The track announcer's voice came over the public-address system, telling us of weight and equipment changes in the upcoming mile-and-a-sixteenth route, an allowance race. The bugler tooted his trumpet, the horses came onto the track. I'd lost six races in a row; maybe I'd have better luck with this one, the seventh.
The seventh — that was the race when my predecessor on this case had been killed, I realized. The seventh, on Thursday. It gave me a kind of creepy prickliness along my spine. But that's ridiculous, I thought. Ha-ha, I thought. That's being superstitious, and I'm not superstitious, I thought, crossing my fingers and looking for wood to knock on, and not finding any wood. Just in case, by some freak of circumstance, I did get killed, I hoped my horse won the race; I would hate to die a loser.

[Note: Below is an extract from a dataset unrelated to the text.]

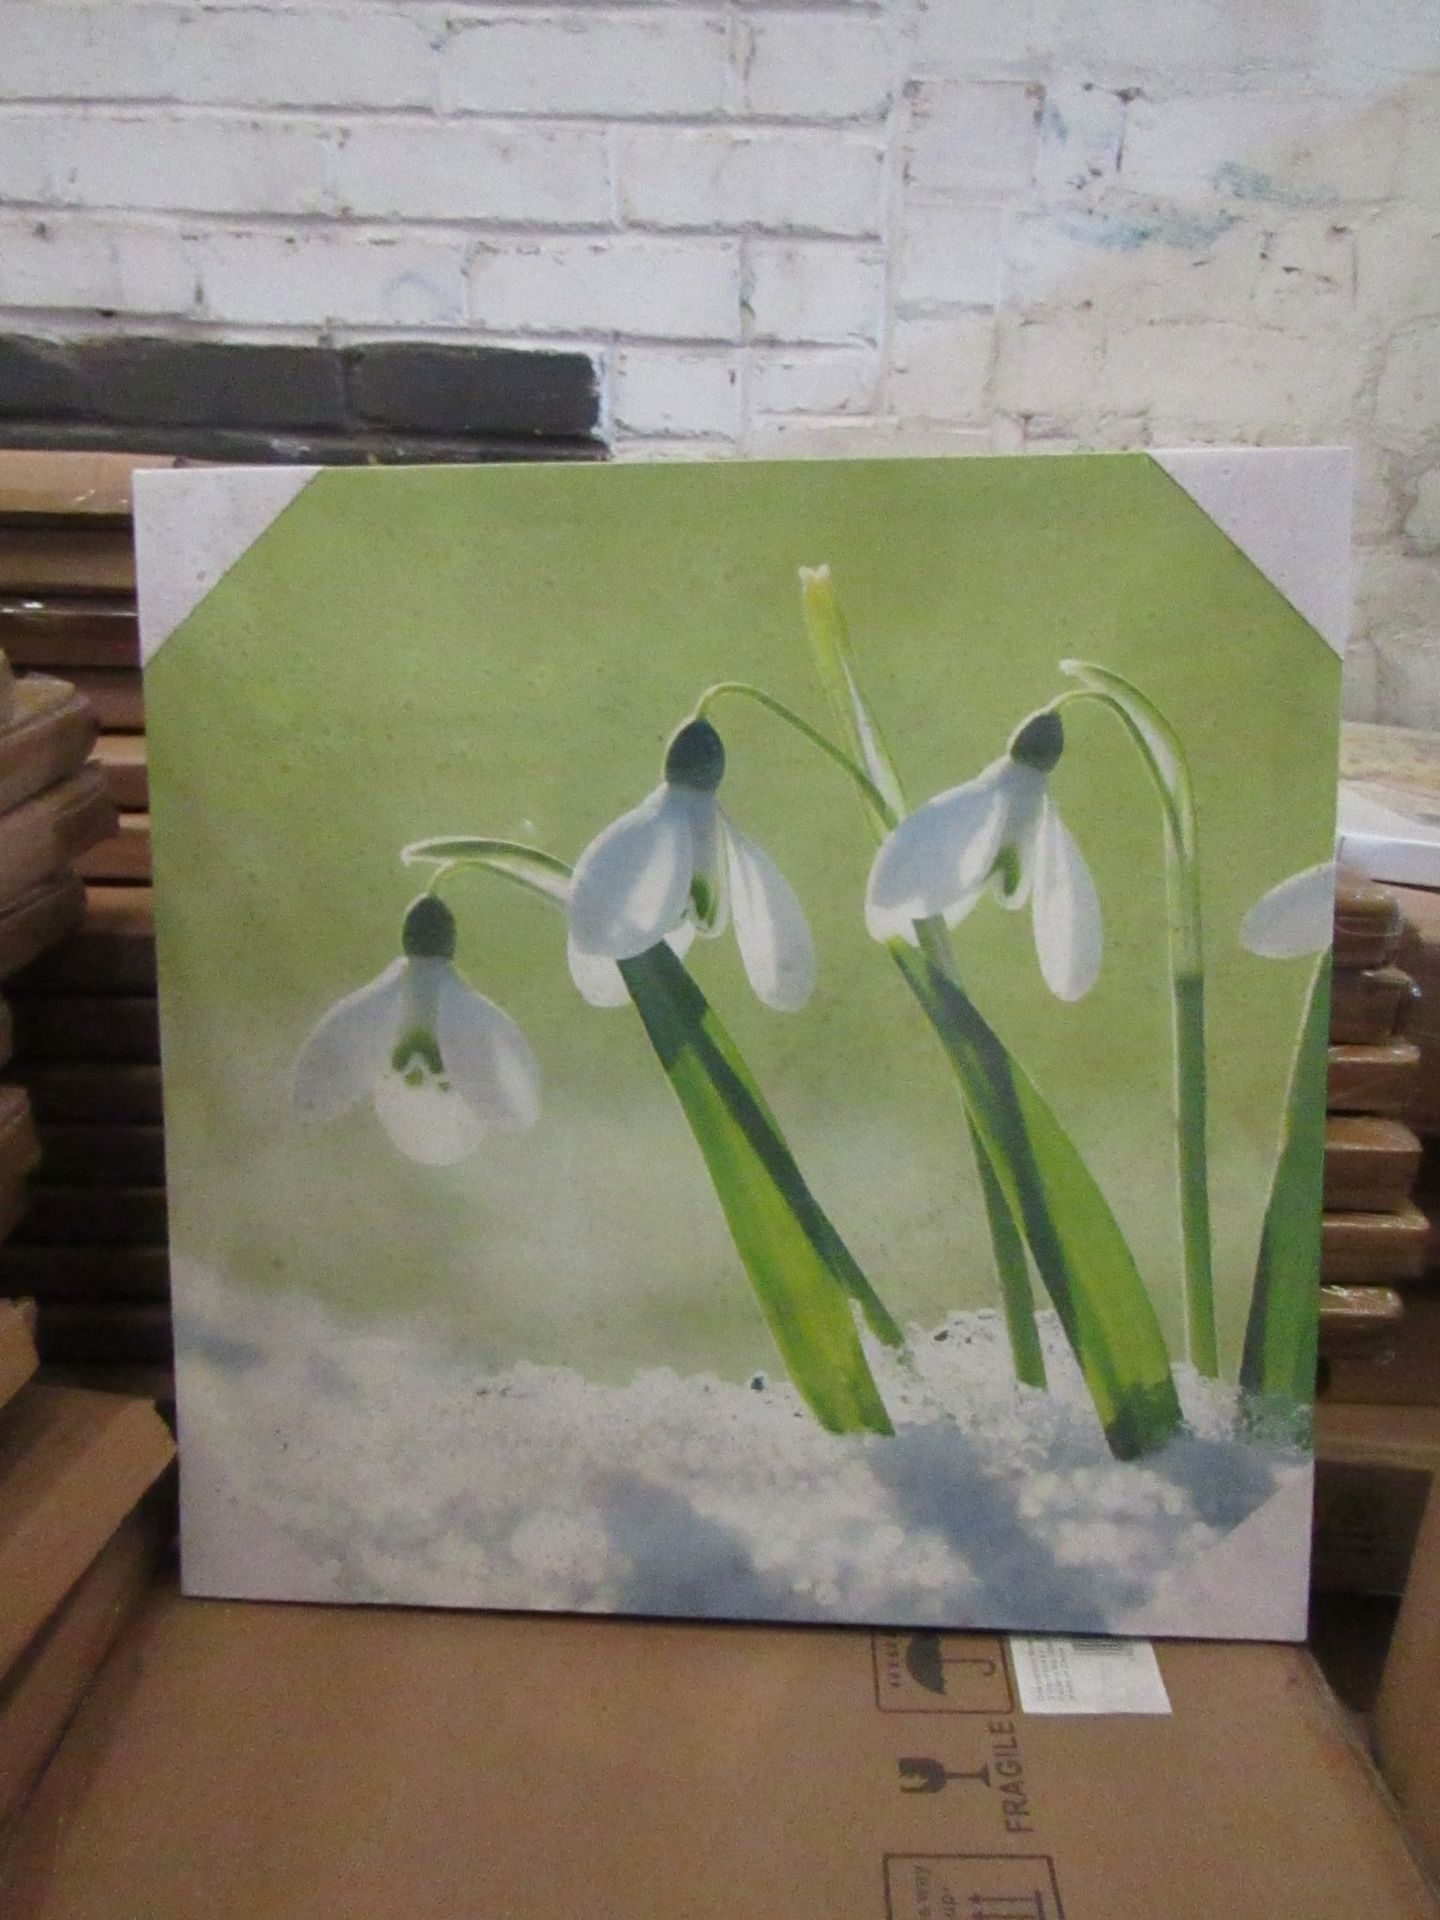 10 x "Snowdrops" Canvas Prints 48cm x 48cm new & packaged

Something else bothered me. The man I'd expected to see here still hadn't shown up. Maybe I was wrong. And maybe Doody had been lying to me. I looked at her, wondering about her still, and thinking of how much had happened since we'd met, less than twenty-four hours ago.
Her name was really Nell Duden, she'd said, and she told me she loathed the name Nell. I'd thought that was pretty smart of her. That's how it started — with me thinking she was smart.

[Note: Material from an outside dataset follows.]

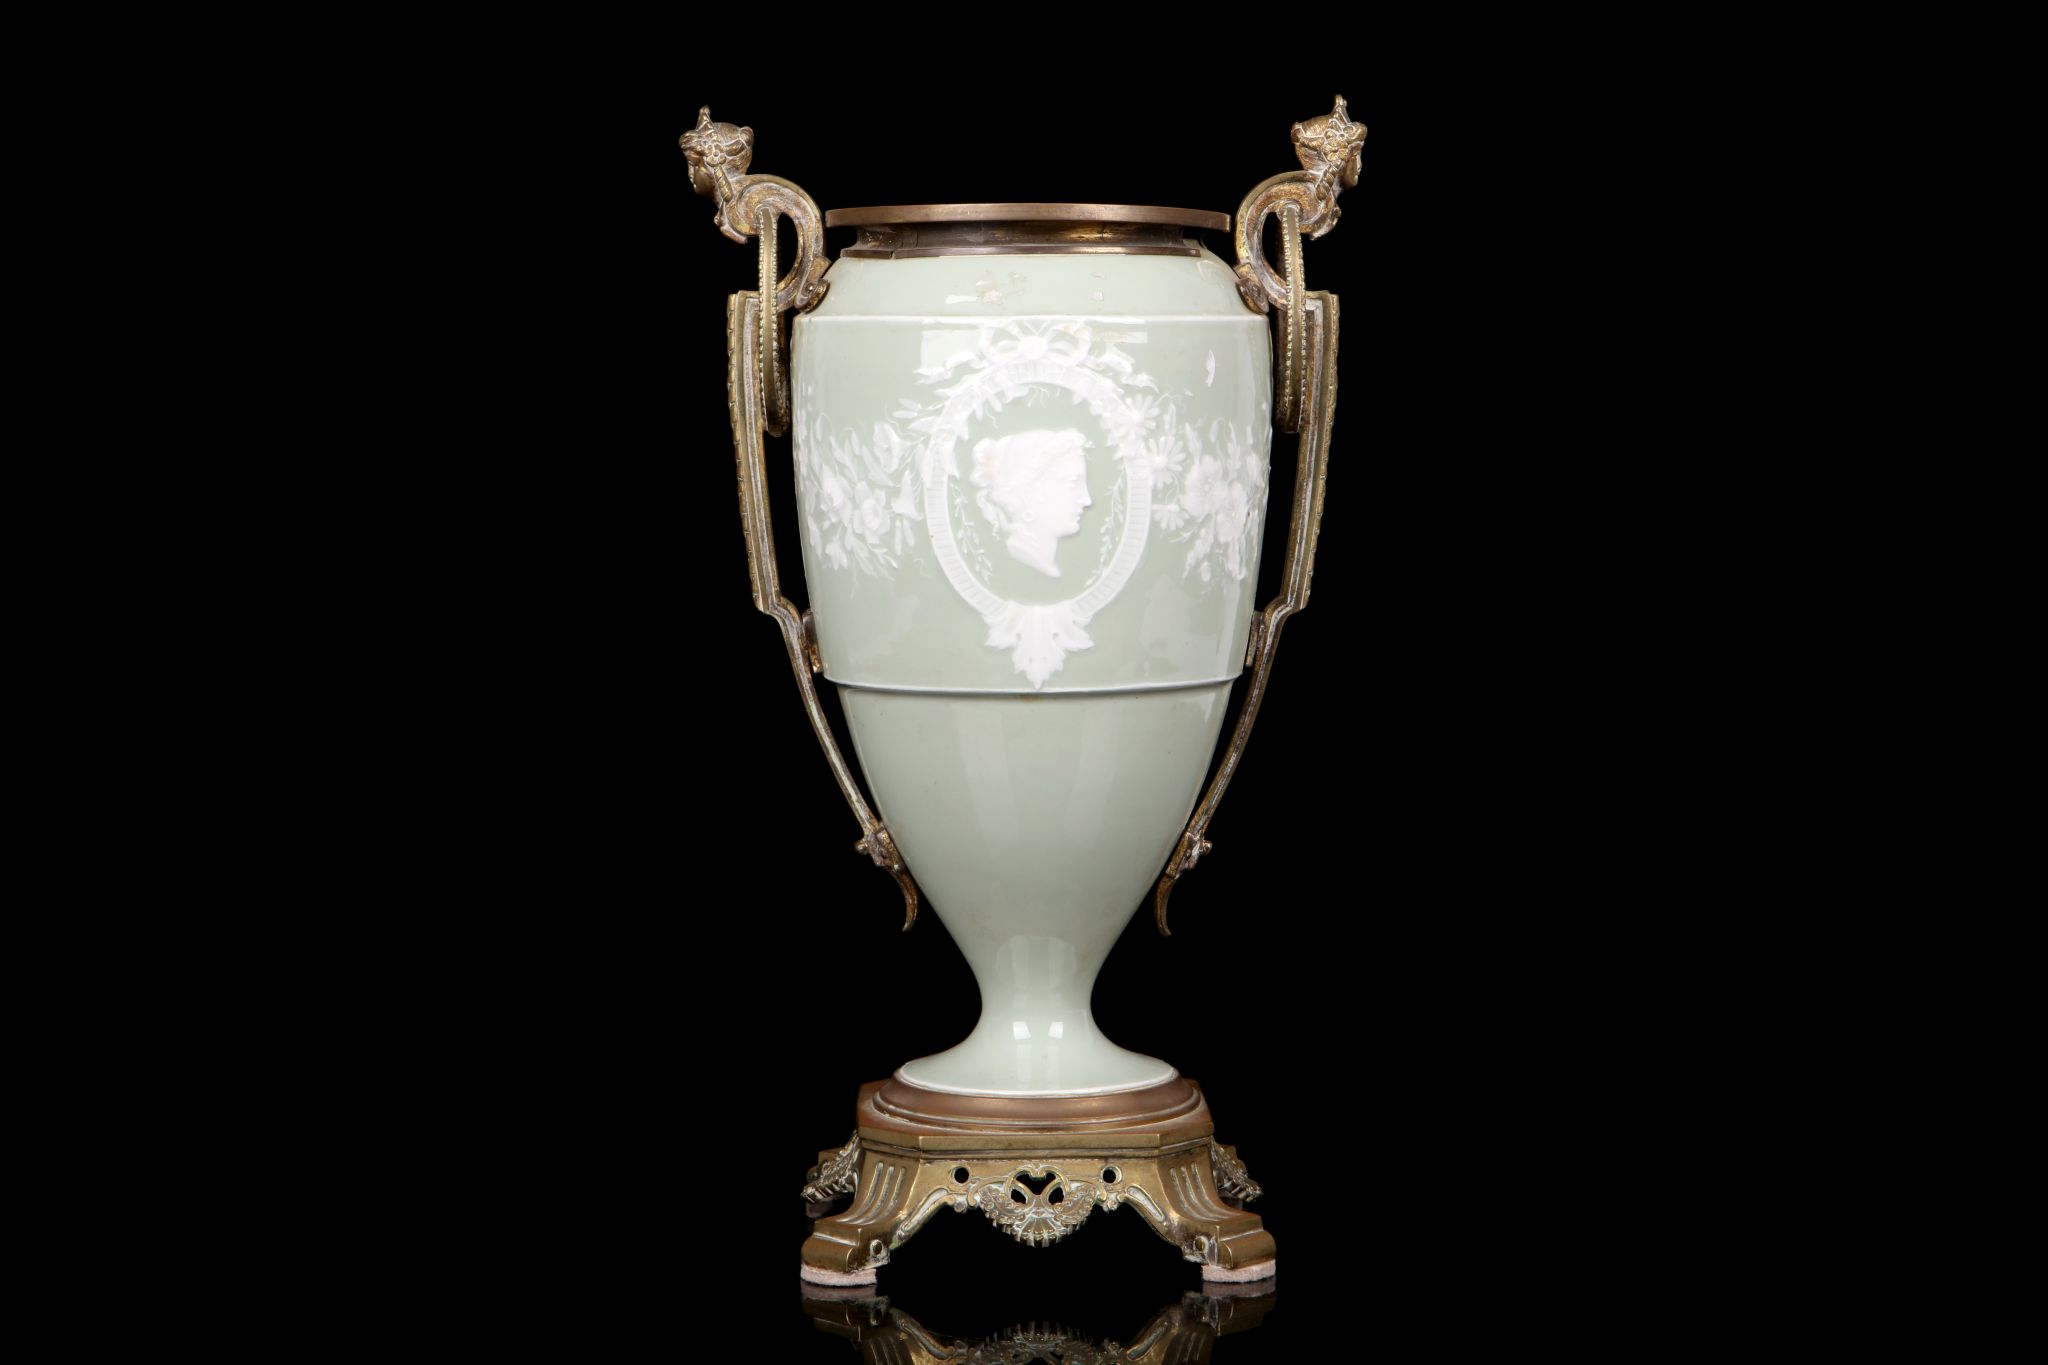 A LATE 19TH CENTURY PATE-SUR-PATE TYPE CELADON URN WITH GILT BRONZE MOUNTS of baluster form, the

Actually, the ball had started rolling a few hours before I met Doody. Started Friday afternoon with a phone call from big, lusty Gabriel Rothstein, financial wizard, multi-zillionaire....CHAPTER 2
I'd hit my downtown L.A. office Friday afternoon just after 1 p.m. I clattered up a flight of stairs in the Hamilton Building, waved a hello to Hazel, the cute little gal at the switchboard, unlocked the door lettered sheldon scott, investigations, and went inside.
After opening a window and looking down at the citizens on Broadway, then up at the gathering smog while inhaling a few lungfuls of it through a long cigarette, equipped with a filter to remove some of the gasoline, I walked over to the bookcase and fed the fish. Busy, busy, the mad life of a private eye.
The fish are guppies, splendidly colorful and singularly amorous little creatures, which I have trapped in a ten-gallon tank atop the office bookcase. I sprinkled a bit of powdered salmon meal on the water's surface and movement in the tank became more frenzied, drab females and brightly colored males leaving their sport momentarily to gobble a small hunk of nourishment. Then with hunger pangs — or whatever pangs fish feel — temporarily assuaged, they returned to the attack, to the assuagement of other pangs.
The one gravid female, which last night had been heavy with young, I now noted was thin again. She'd given birth to a litter during the night, obviously; but none of the young were now in sight. You've got to keep a sharp eye on them, the sweet little things; they eat their babies.
Well, with all that accomplished, there wasn't a damn thing left to do. I'd wrapped up a peculiar insurance fraud three days ago — the culprit had returned the gross of glass eyes he'd stolen — and since then life had been a wild whirl of nothing.
I reached for the phone, thinking it wouldn't hurt a bit to call Carmen and try making a date for a late lunch or early dinner. Carmen was a hot five-foot, eight-inch tamale who performed a cha-cha like a Mexican revolution, and I figured we might have a belt or two and then a few tacos or something, like out in some isolated picnic grounds or sand dunes. Understand, I rarely drink when I'm working — though sometimes I'll knock off work for an hour or two — but since there was no fascinating case on the agenda, perhaps I could stir up a Mexican revolution.
I had my hand on the phone when it rang. Maybe it was a good omen, I thought. Maybe it was Carmen, calling me for a change. O.K., I'd give her a change. It wasn't Carmen.